#### [YOUR OBJECTIVE]
The result should be an exact copy of only the lines from the one holding "The infamous Book" through the last line of the data below, please, without pictures.

#### [DATA SUPPLIED]
----

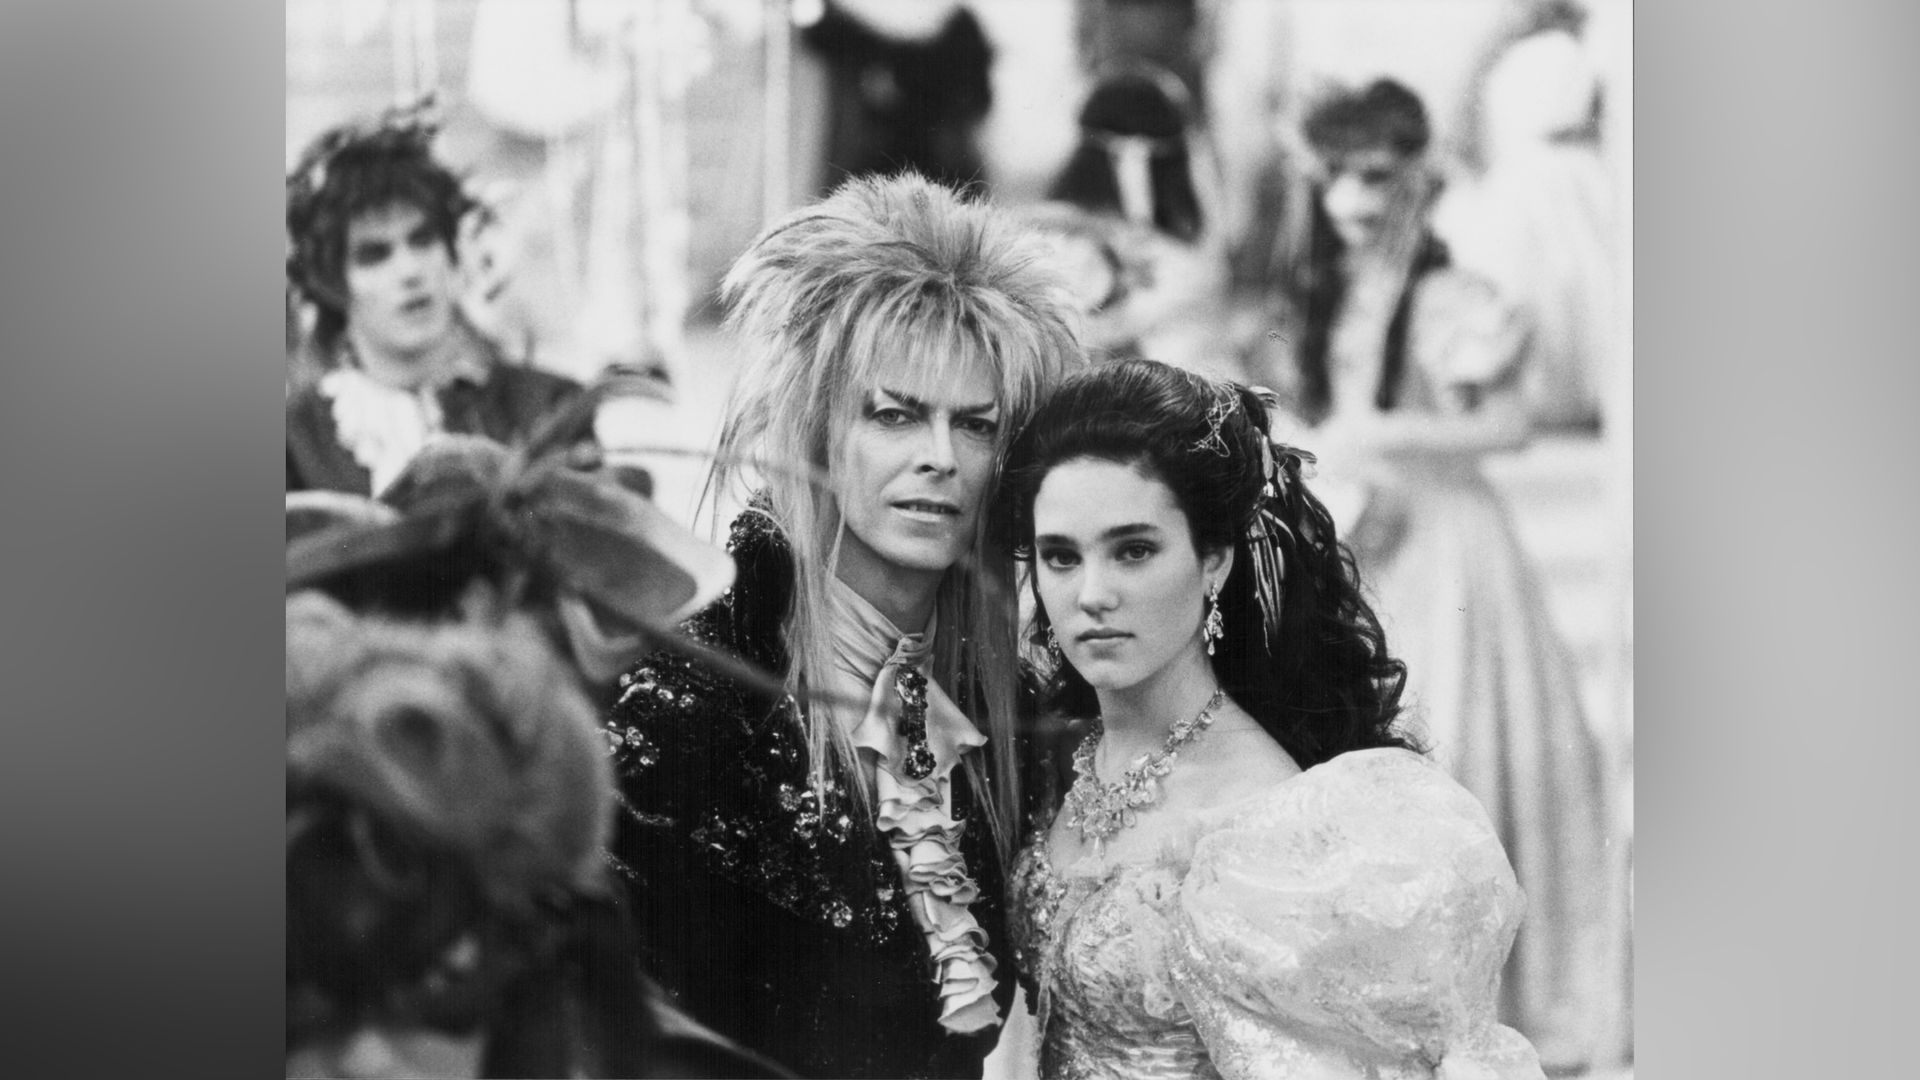 Jennifer Connelly and David Bowie on the set of the movie Labyrinth
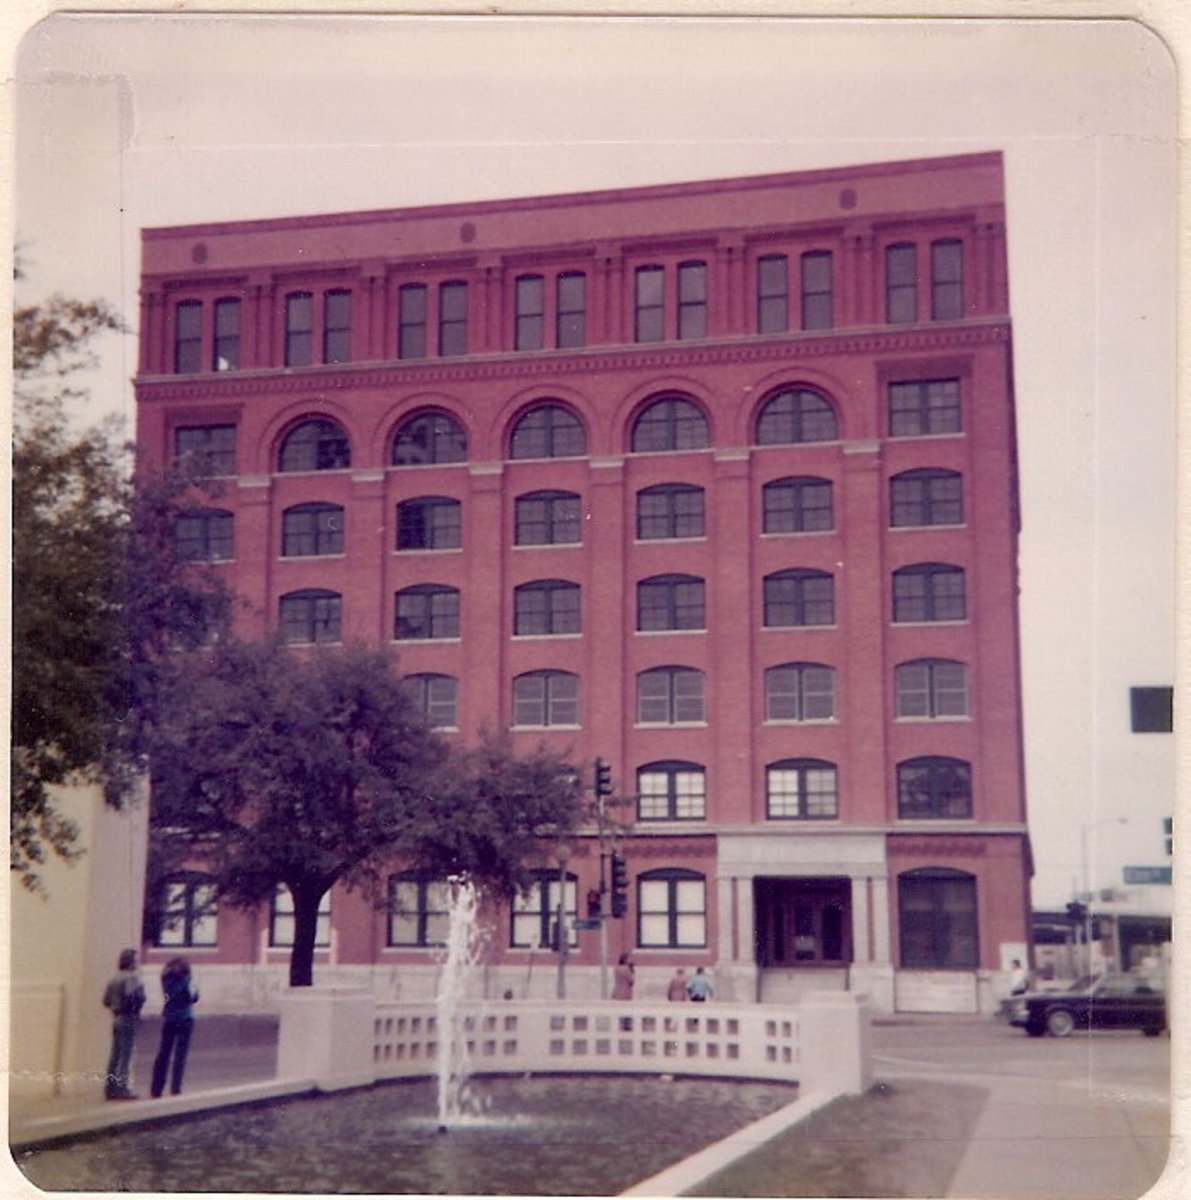 The infamous Book Depository where Lee Harvey Oswald fired the shots that assassinated President John F. Kennedy.  
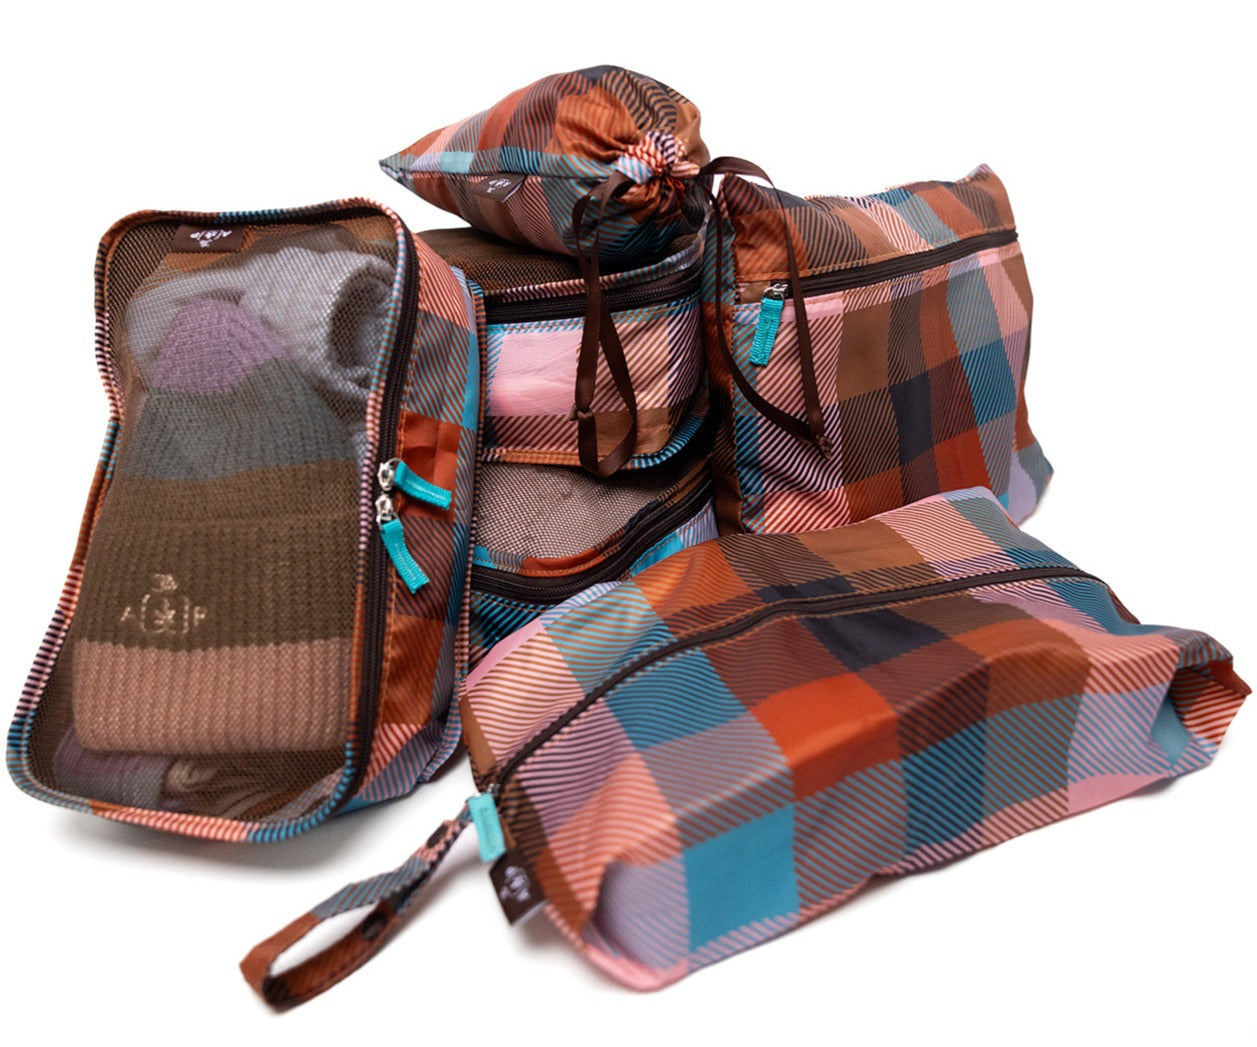 Retro Plaid Camping Style Packing Cubes & Travel Organizer
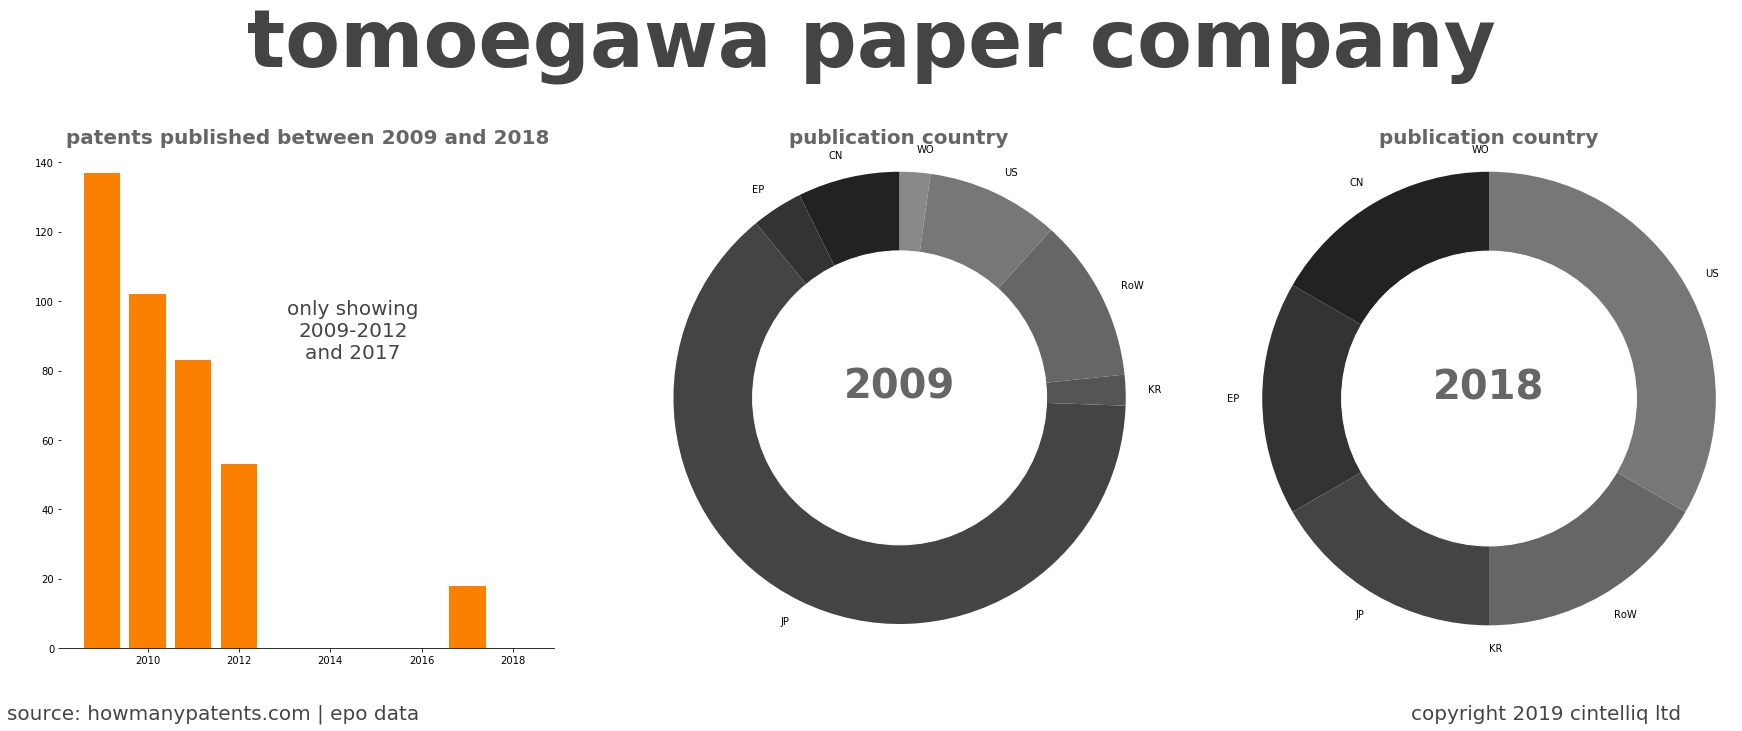 summary of patents for Tomoegawa Paper Company
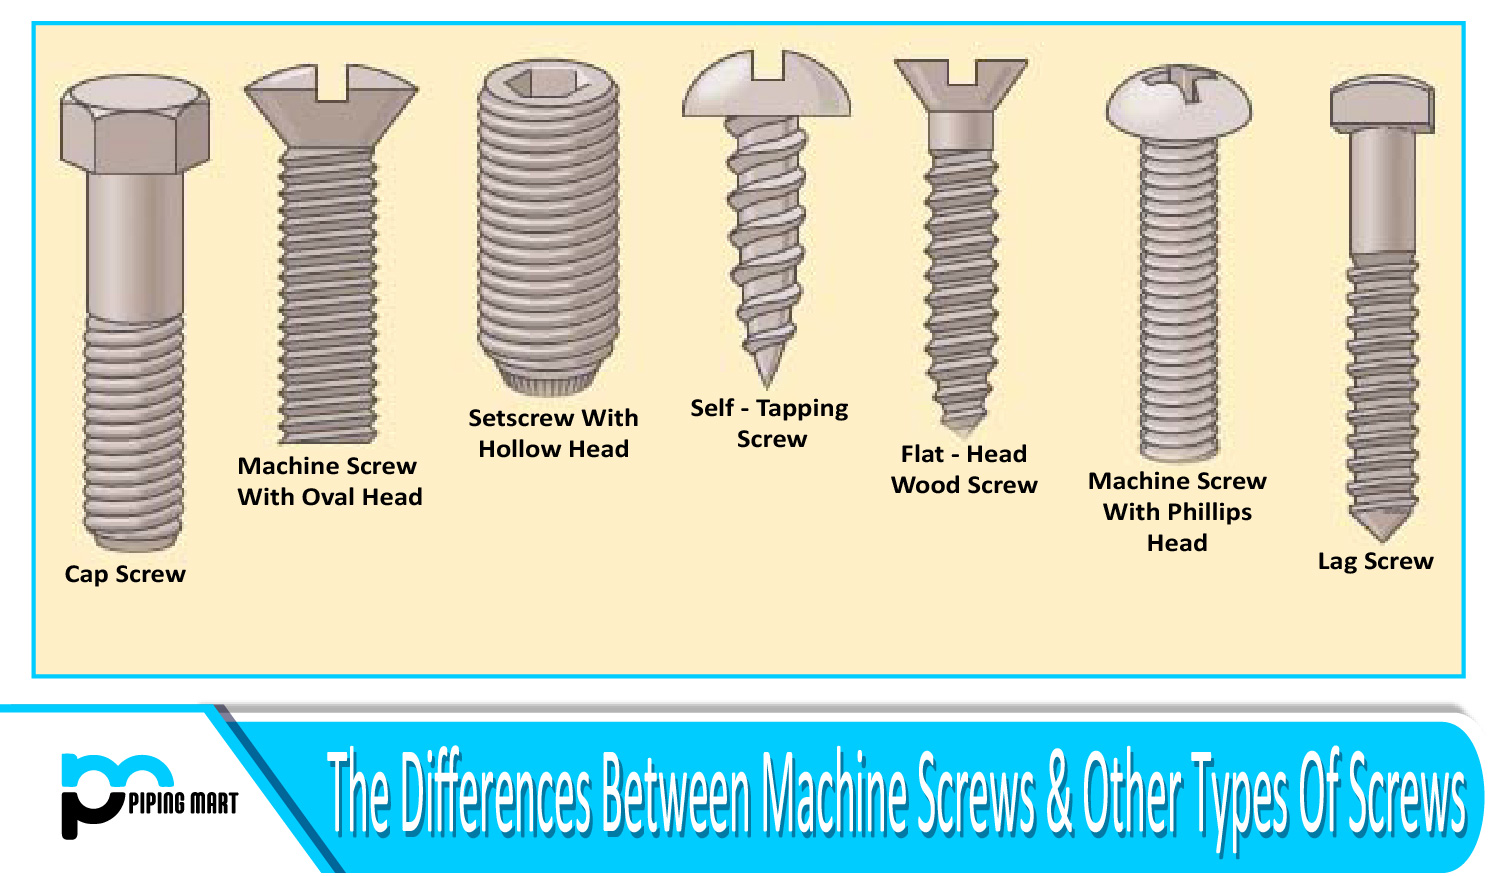 The Differences between Machine Screws and Other Types of Screws

----

#### [WRITTEN ANSWER]
 The infamous Book Depository where Lee Harvey Oswald fired the shots that assassinated President John F. Kennedy.  
 Retro Plaid Camping Style Packing Cubes & Travel Organizer
 summary of patents for Tomoegawa Paper Company
 The Differences between Machine Screws and Other Types of Screws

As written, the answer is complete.